Content note: child sexual abuse, child pornography, mention of rape.
Reading this (I’m yet to see her film) reminded me of Tshepang, a South African short and theatre-piece on baby Tshepang’s rape, although the latter wasn’t puppetry but it featured half of the adults’ bodies (the above halves of the witnesses were houses) as well as representation of the baby through an object, and video animation in the case of the short, using bread as the object. I cried an entire sleepless night after the first time I saw it, it shattered my imagination in which previously a 9-month old baby wouldn’t be gang-raped. I’ve lost certain emotions, through a pathology, since but reading Raven’s story shatters me to my core.

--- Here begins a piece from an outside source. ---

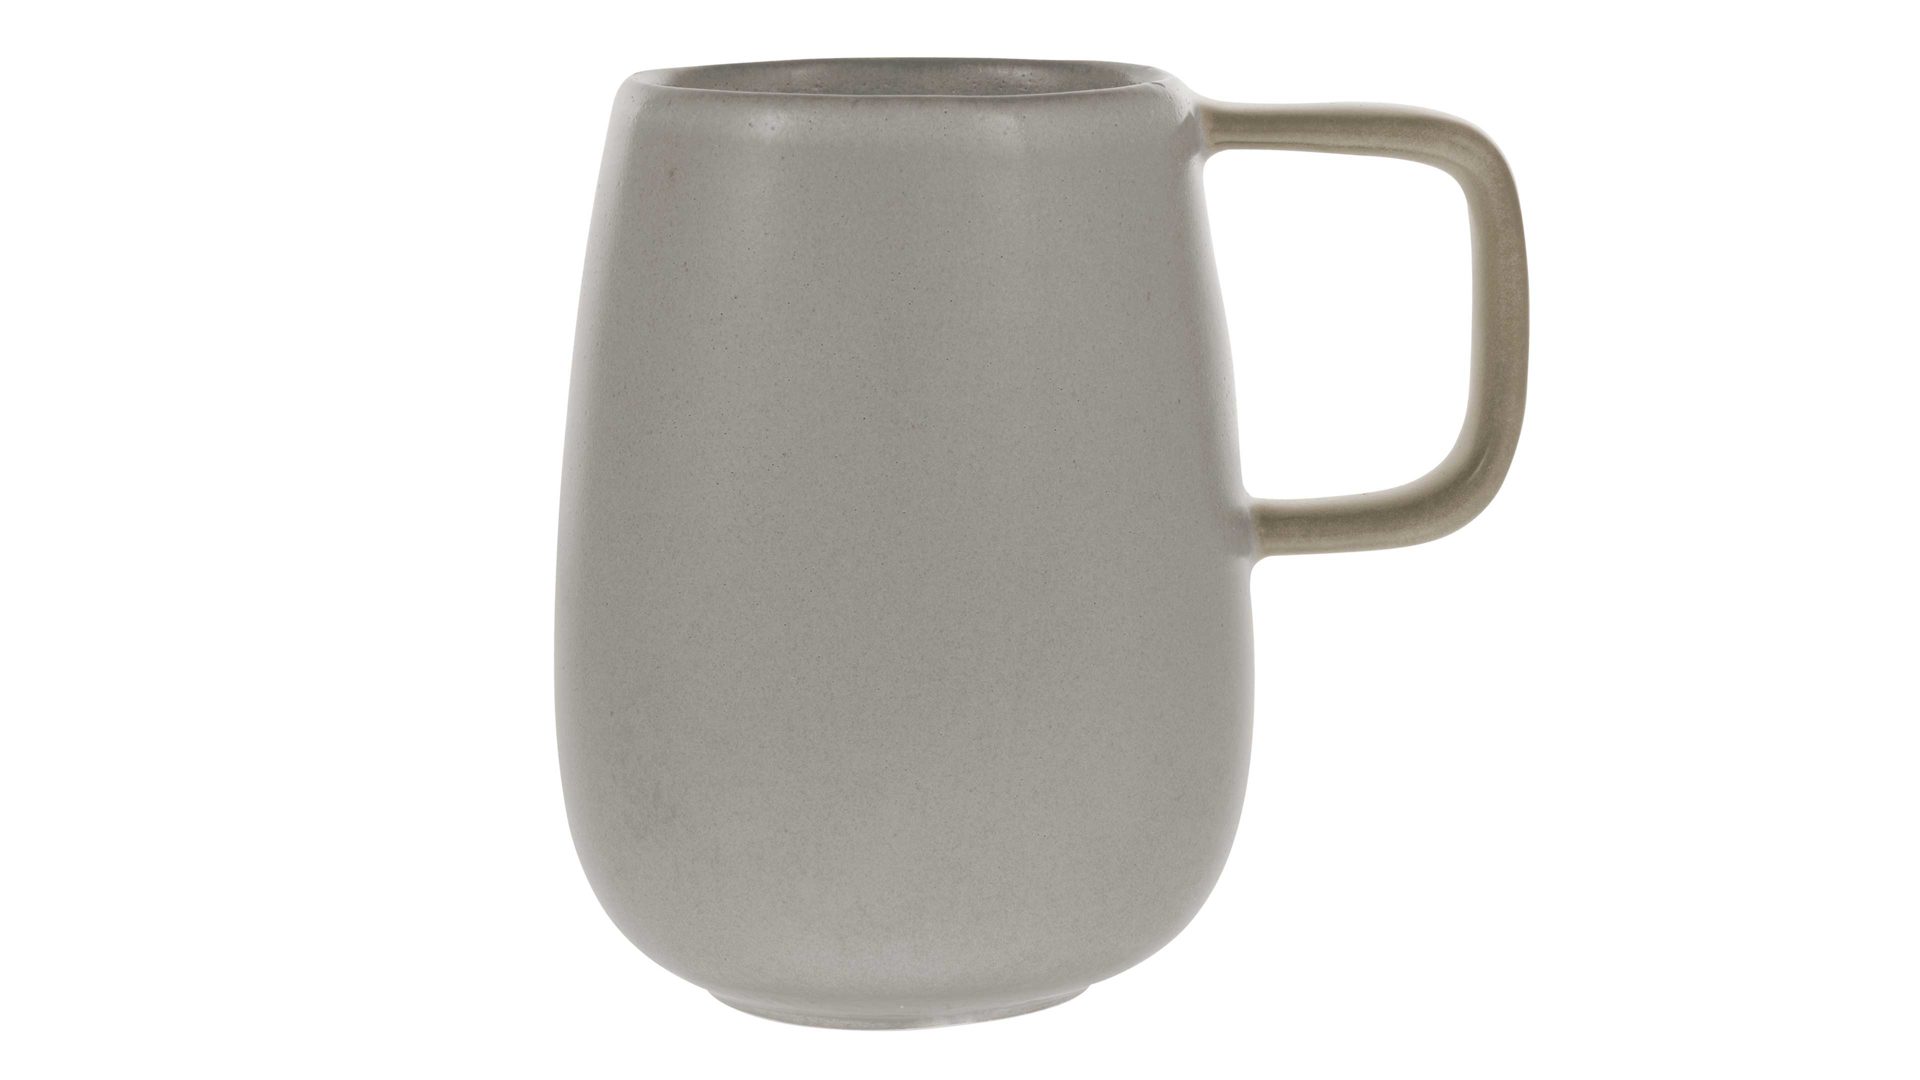 Kaffeebecher Creatable aus Keramik in Grau CREATABLE Uno – Kaffeebecher graues Steinzeug - 370 ml Fassungsvermögen

Raven Kaliana wants to get away from the kind of demonisation of perpetrators that comes automatically perhaps, the kind that featured in comments when I shared this on facebook. I understand such views but I fail to Raven’s love for her parents. I’d say that abuse is not necessarily generational, it becomes normal when unquestioned. Dissociation and denial while perpetrating abuse are different it seems to me, from cases I know well. People with access to counselling, or who counsel and who well know that child abuse is acknowledged by society, abuse children. People abuse children when they know they can get away with it, either through the child never telling (never being able to tell or never being believed), or because their institution tolerates abusers or because society will tolerate the abuser perhaps, thinking they were abused too so it is rather condoned. Here is a cartoon speaking about this.
At the same time, some abuses are tolerated while others are not – in that context Raven’s views may begin to make sense. If one compares different kinds of abusers, some are considered part of normal society while some are not likely to reintegrate easily (allegedly). When it comes to child abuse, it depends where we look at and what type of abuse it is perhaps.
In a family or any active relationship where an abuser and a survivor is present, complete vilification of the abuser would be desirable and perhaps therapeutic for the victim to achieve. Not every abused or previously abused child has the privilege of cutting ties with their abuser/s and I’m thinking of those staying in abusive environments whether due to age, disability or other forms of disempowerment. Also many project blame on themselves as the abusers do and many struggle with putting enough blame on the abuser, even after the abuse ends.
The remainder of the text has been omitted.